# Hardware storage?



## marcuscraft (Nov 14, 2012)

Just curious what everyone does for hardware storage…all those nuts, bolts and screws that just seem to be everywhere. Anything off the shelf people really love or creative solutions for storage?


----------



## TheFridge (May 1, 2014)




----------



## tomclark (Feb 16, 2010)

I have a few of those plastic bins for tiny parts, a metal drawer unit for slightly larger parts, and home-made shop cabinets for the rest.


----------



## Notw (Aug 7, 2013)

Harbor Freight storage bins, they go on sale all the time for $5.99 and I can put similar items together. I like that I can take a single bin out and close the case and everything is still secure. I built a rack to hold 6 of them and put it on a french cleat. 
http://www.harborfreight.com/tool-storage/part-storage/19-bin-portable-parts-storage-case-93928.html


----------



## JoeinGa (Nov 26, 2012)

I used to work at a manufacturing plant. We were throwing this cabinet out and I asked to have it. "Take it" the boss said. It's full, and most everything is sorted in some sort of fashion so I can find it. And it probably weighs over 500 lbs. 
.
.








.








.


----------



## marcuscraft (Nov 14, 2012)

> Harbor Freight storage bins, they go on sale all the time for $5.99 and I can put similar items together.

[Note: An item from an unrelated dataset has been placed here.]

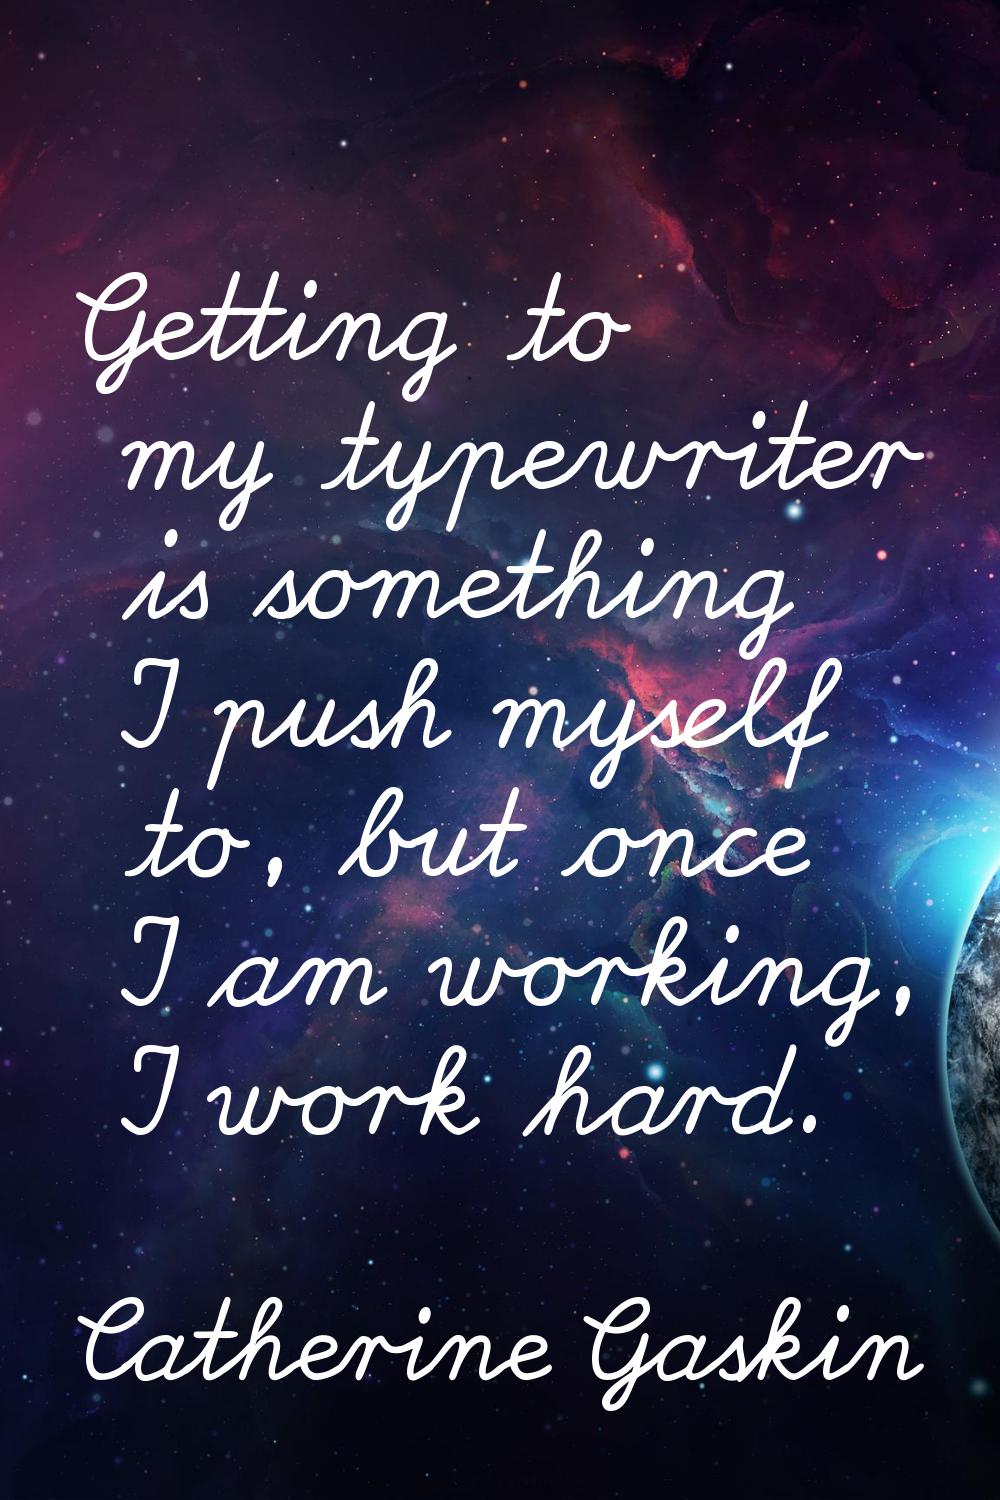 Getting to my typewriter is something I push myself to, but once I am working, I work hard.

I like that I can take a single bin out and close the case and everything is still secure. I built a rack to hold 6 of them and put it on a french cleat.
> http://www.harborfreight.com/tool-storage/part-storage/19-bin-portable-parts-storage-case-93928.html
> 
> - Notw


I was actually just checking these out and thinking they may be the way to go. I need to build a stand for a sander, might be able to integrate these into that. Wall space is at a premium in my little shop.


----------



## CharlieM1958 (Nov 7, 2006)




----------



## SuperCubber (Feb 23, 2012)

http://lumberjocks.com/projects/101306

The small plastic bins are baby food containers (helps to have an infant in the house). They are 2 for $1.


----------



## mtenterprises (Jan 10, 2011)

Nestle's Quick containers, mayonnaise and peanut butter jars. Every time you buy the product you get this storage device free.


----------



## marcuscraft (Nov 14, 2012)

I actually grew up in a shop that bad mayonnaise lids screwed to a 2×4 that worked as a great storage rack, and why I asked the question. I havent bought a jar of mayo in i dont know how many years…just wondering what else people are using.


----------



## fuigb (Apr 21, 2010)

Related: my most-used countersink lives in platic Tums bottle. Very dang useful because this fist-sized bottle is harder to lose than a bitty little bit. Even though I'm often afield I've yet to misplace it.


----------



## timbertailor (Jul 2, 2014)

I just strung some portable storage cases under some shelving so they would all be at eye level.
Makes it nice to be able to take them to the project or work site. The handles are color codes so I know whats what.


----------



## onecarwallace (Sep 12, 2013)

I use these Stanley organizers and buy more as I need them. I just stack them on a shelf but I'll eventually get around to building something like timbertailor to store them in their own compartments.


----------



## intelligen (Dec 28, 2009)

> Harbor Freight storage bins, they go on sale all the time for $5.99 and I can put similar items together. I like that I can take a single bin out and close the case and everything is still secure. I built a rack to hold 6 of them and put it on a french cleat.
> http://www.harborfreight.com/tool-storage/part-storage/19-bin-portable-parts-storage-case-93928.html
> 
> - Notw


I have a few of the Stanley version of these storage bins. I think the main difference is that the lid on the Stanley is more rigid to better prevent small items from migrating between compartments, and it's transparent instead of translucent. The Stanley ones are a few bucks more, but I'll have to try out some of the HF ones the next time they go on sale. If you want the Stanley ones, they're on sale on Amazon right now and there's also a $10 off $50 Stanley promotion.

I also have a WorkZONE organizer from Aldi with removable compartments, each with its own snap-shut lid and belt clip. I wish I would have bought a dozen of them when my local Aldi had them for one of the 1-week limited-stock sales. I haven't seen any other organizer like it in the past 3-4 years since I bought mine.


----------